На том же пути к Зимулиным снесли Иверские (Воскресенские) ворота XVII века со знаменитой часовней грузинской Божьей Матери: они‑де «мешали уличному движению». Это была высокочтимая московская святыня, и ее долгое время не решались снести, но с наступлением колхозного террора, когда взорвали храм Христа Спасителя и закрыли более 50 тысяч церквей, дошла очередь и до нее. Зато пустили метро, уничтожили лавочки и лабазы Охотного Ряда (а заодно и церковь Прасковеи Пятницы) и построили два бездарных парадных дома: гостиницу «Москва» и Дом совета труда и обороны (что это за «совет», зачем и кому он нужен, зачем ему нужен такой большой дом в самом центре столицы — должно быть, мало кто знает).
Зимулины жили по правой стороне Никольской, неподалеку от торговых рядов (ГУМ). Дом их сохранился и до сих пор, как и многие другие дома моего детства, и как‑то странно и грустно смотреть на такие знакомые дома — как на бывших друзей, с которыми утрачена былая душевная связь, которые почему‑то стали чужими и холодными, а когда‑то были такими уютными и теплыми.
Тогда, 50 лет назад, меня удивляла лестница в этом доме — она была не каменная и не деревянная, как во всех известных мне домах, а чугунная, и идти по ней было как‑то странно. Еще страннее и интереснее было то, что во дворе этого дома вдоль стен, на уровне второго этажа, тянулась чугунная галерея, по которой можно было попасть в другие дворы, обойти весь квартал и даже (как мне казалось тогда) заблудиться. Теперь галерею разобрали, и от нее торчат одни чугунные балки.

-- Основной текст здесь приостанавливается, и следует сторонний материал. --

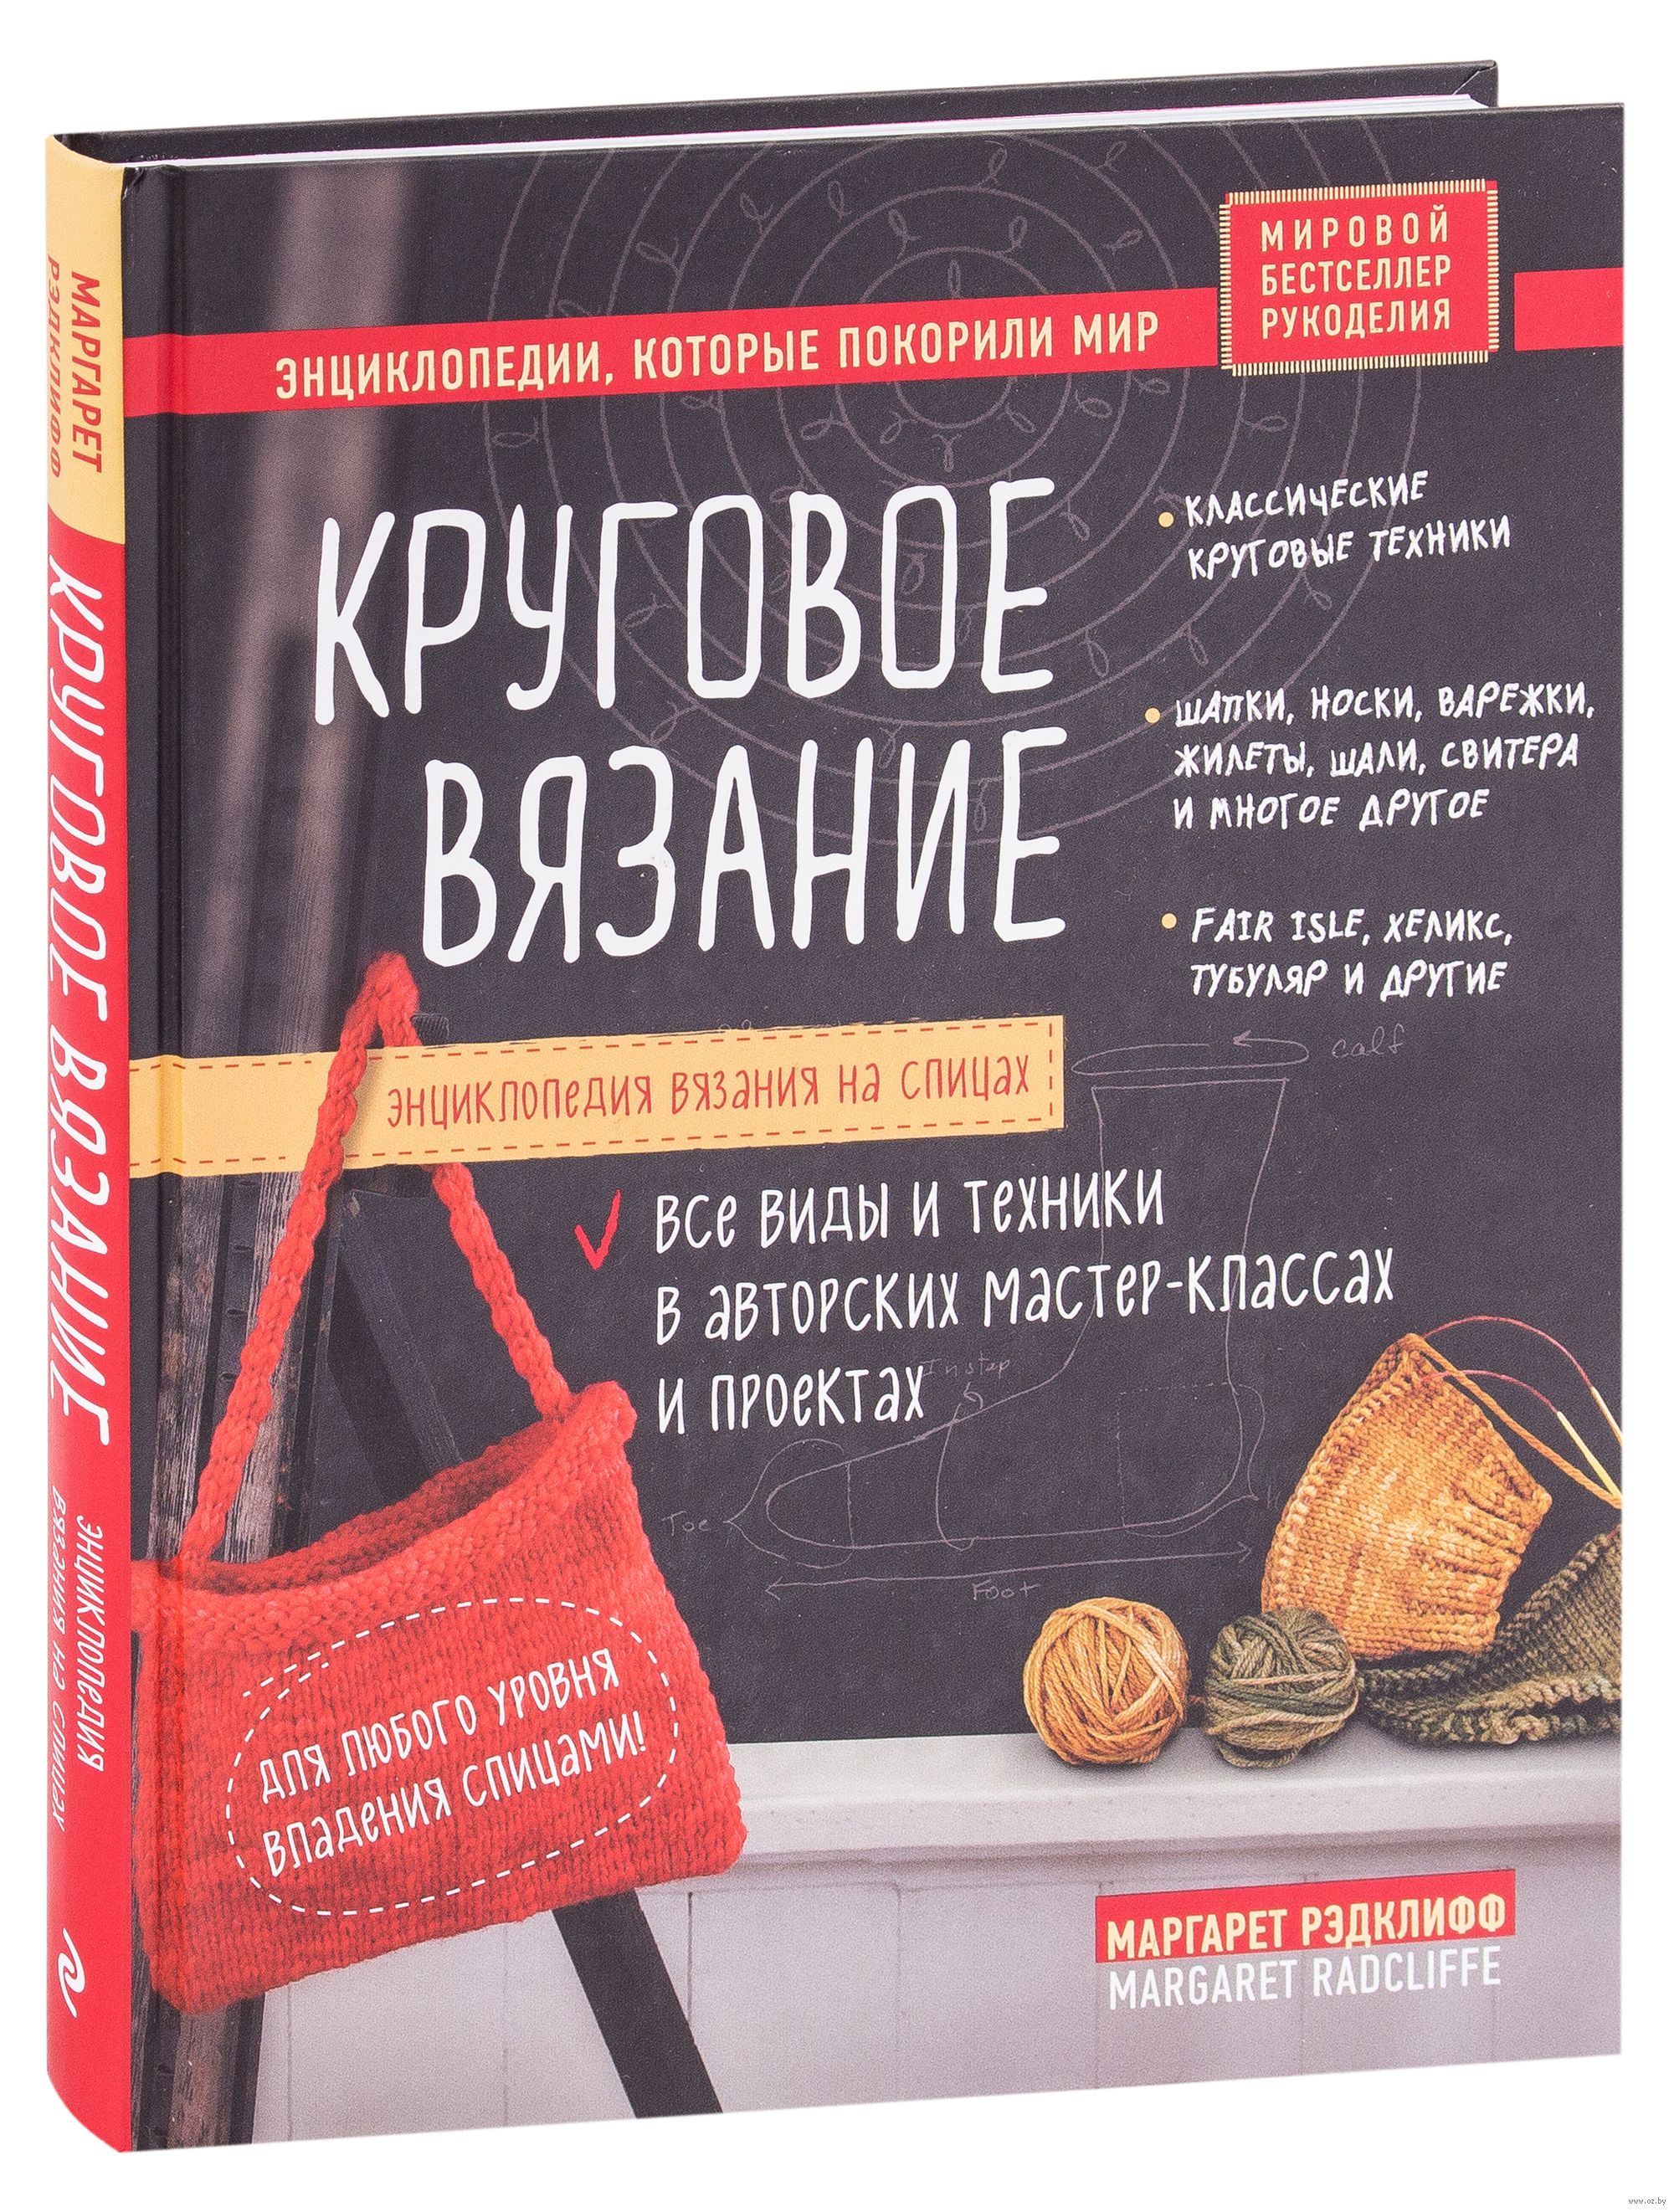 Вязание | Умелые руки | Книги на garant-artem.ru

К особенностям зимулинского дома принадлежал еще длиннющий коридор, рассекавший надвое огромную квартиру. Впрочем, в мирное время комнаты сообщались между собой и помимо коридора, но при советской власти квартира была превращена в коммуналку и сообщение между комнатами прекратилось.
В одной из двух зимулинских комнат был камин, единственный камин, виденный мною в те годы. Его топили каменным углем, и это тоже было мне в диковинку. На каминной доске стояли безделушки, и среди них — фарфоровые китайцы, которые долго кивали головами, если их слегка подтолкнуть.
Камин находился в комнате Веры Васильевны, маленькой сухонькой востроносой женщины, служившей в какой‑то конторе и бывшей долгое время (пока не подросли ее младшие сестры) единственной кормилицей семьи.
Как я уже говорил, до революции Зимулины были чаеторговцами, и в торговых рядах у них была своя лавочка. О размерах их былого состояния я понятия не имею. Конечно, они были богаче наших Берзиных: квартира и лавка в центре Москвы стоили немалых денег. Но вместе с тем самый характер их квартиры и остатки былой обстановки в ней вовсе не указывали на большое состояние.
Советская власть объявила их «лишенцами», т. е. зачислила в класс людей, лишенных (отсюда и само слово «лишенец») «по закону» (как будто во время революции бывают законы!) каких‑то «гражданских прав» (как будто в Совдепии существуют какие‑то права!). К «лишенцам» в 20‑е годы были отнесены «буржуи» (от розничного уличного торговца до миллионера), «помещики», все духовенство, бывшие офицеры и юнкера, крупные чиновники царского и Временного правительств и другие «бывшие» люди, составившие, должно быть, класс, исчислявшийся миллионами.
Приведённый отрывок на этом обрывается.